Eager to let his members go home and campaign for the November 6 midterms, Senate Minority Leader Chuck Schumer, New York’s senior senator, made a deal October 11 with Majority Leader Mitch McConnell, the dour Kentucky Republican, to allow votes on 15 more Trump-nominated right wing judges for the federal courts and then adjourn. Schumer’s rationale was that they would be confirmed eventually by this Senate and the most Democrats could do was slow down the process.
Republicans, however, did not completely adjourn. With almost all senators out of town, a skeletal group of Republicans held “hearings” on still more judicial nominees from the far right, including for the first time someone who actually worked for Alliance Defending Freedom, the anti-LGBTQ group responsible for bringing most legal actions aimed at limiting the community’s rights and allowing religious people the right to discriminate based on First Amendment free exercise claims.
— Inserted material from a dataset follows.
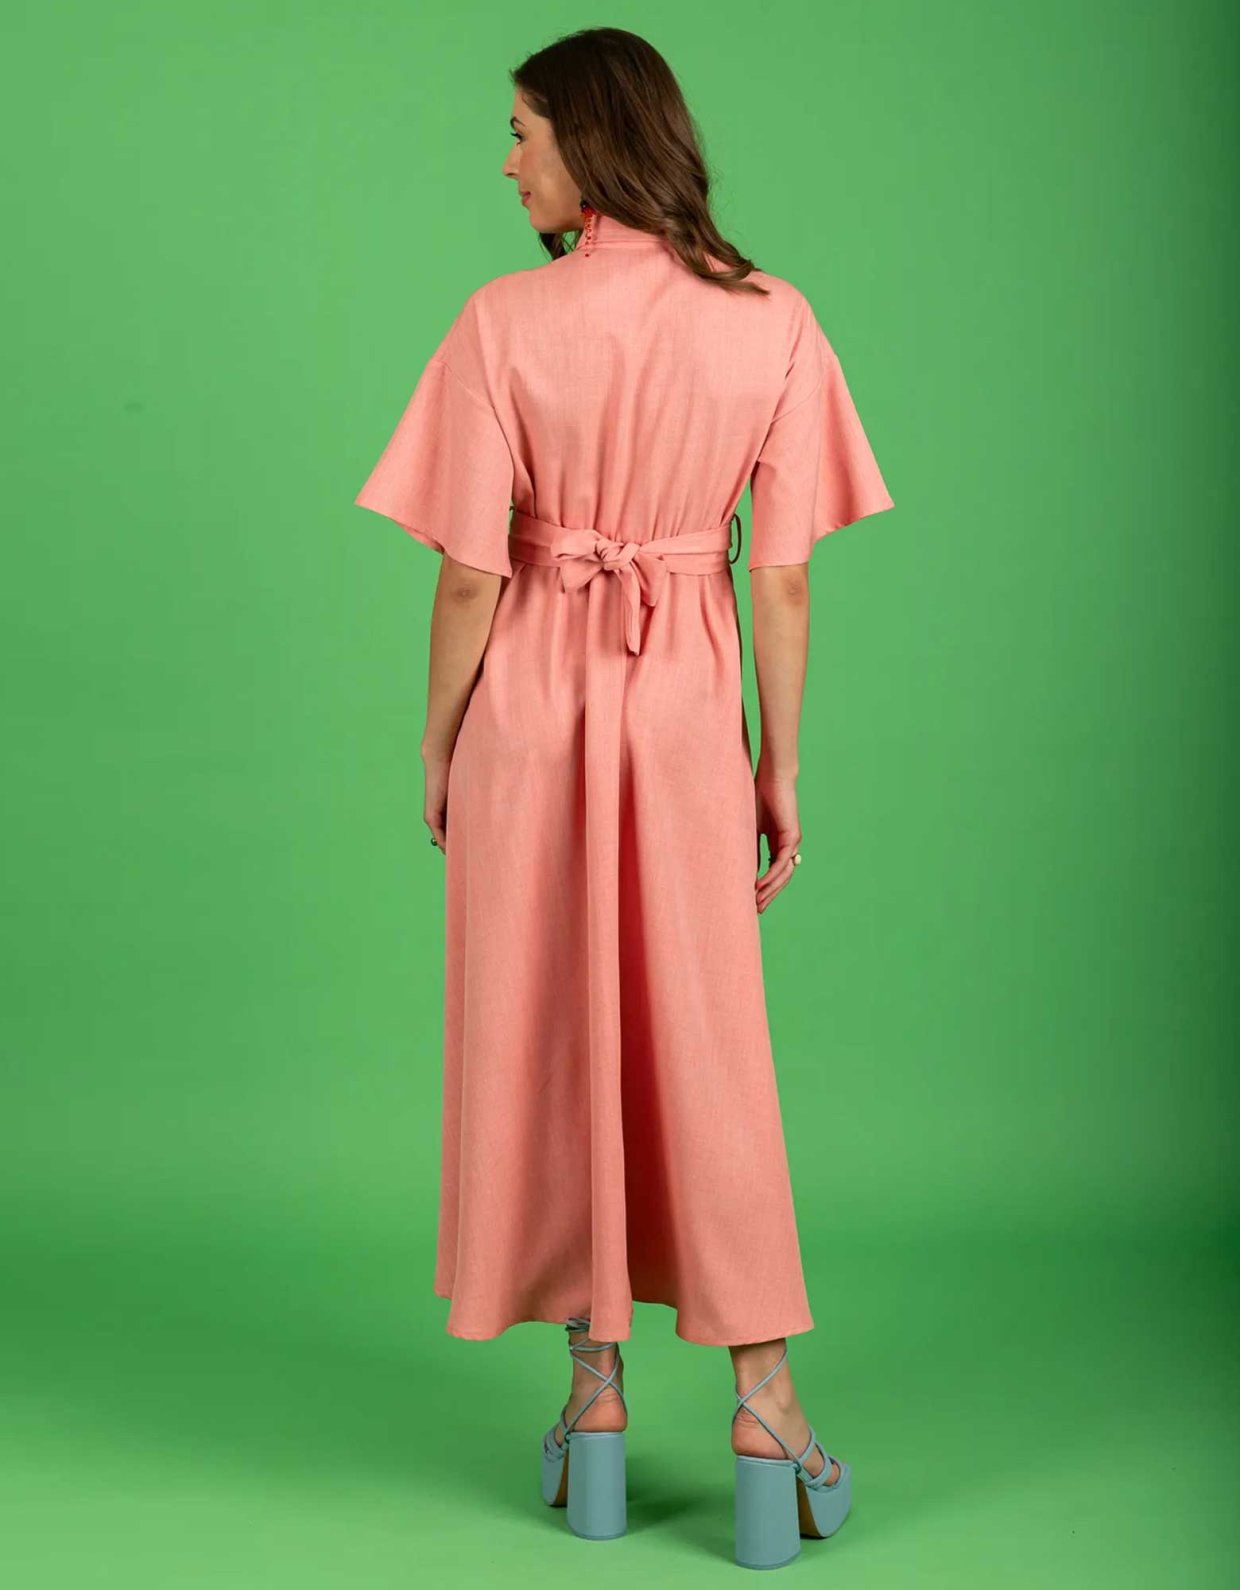 Chaton Corinna dress pink

Allison Rushing, 36, interned for the group and has been nominated for the Richmond, Virginia-based Fourth Circuit Court of Appeals. She graduated from law school in 2007 and not only has no experience as a judge, but does not even have the 12 years of legal experience necessary for the American Bar Association to consider her qualified to serve as a federal judge.
Trump has also nominated an out gay conservative, Patrick Bumatay — an éminence grise at age 40 — who belongs to an LGBTQ law association in California and who claims the distinction of assisting in the nominations of John Roberts, Samuel Alito, and Neil Gorsuch to the Supreme Court. Of late, he’s been advising Attorney General Jeff Sessions on opioids and organized crime.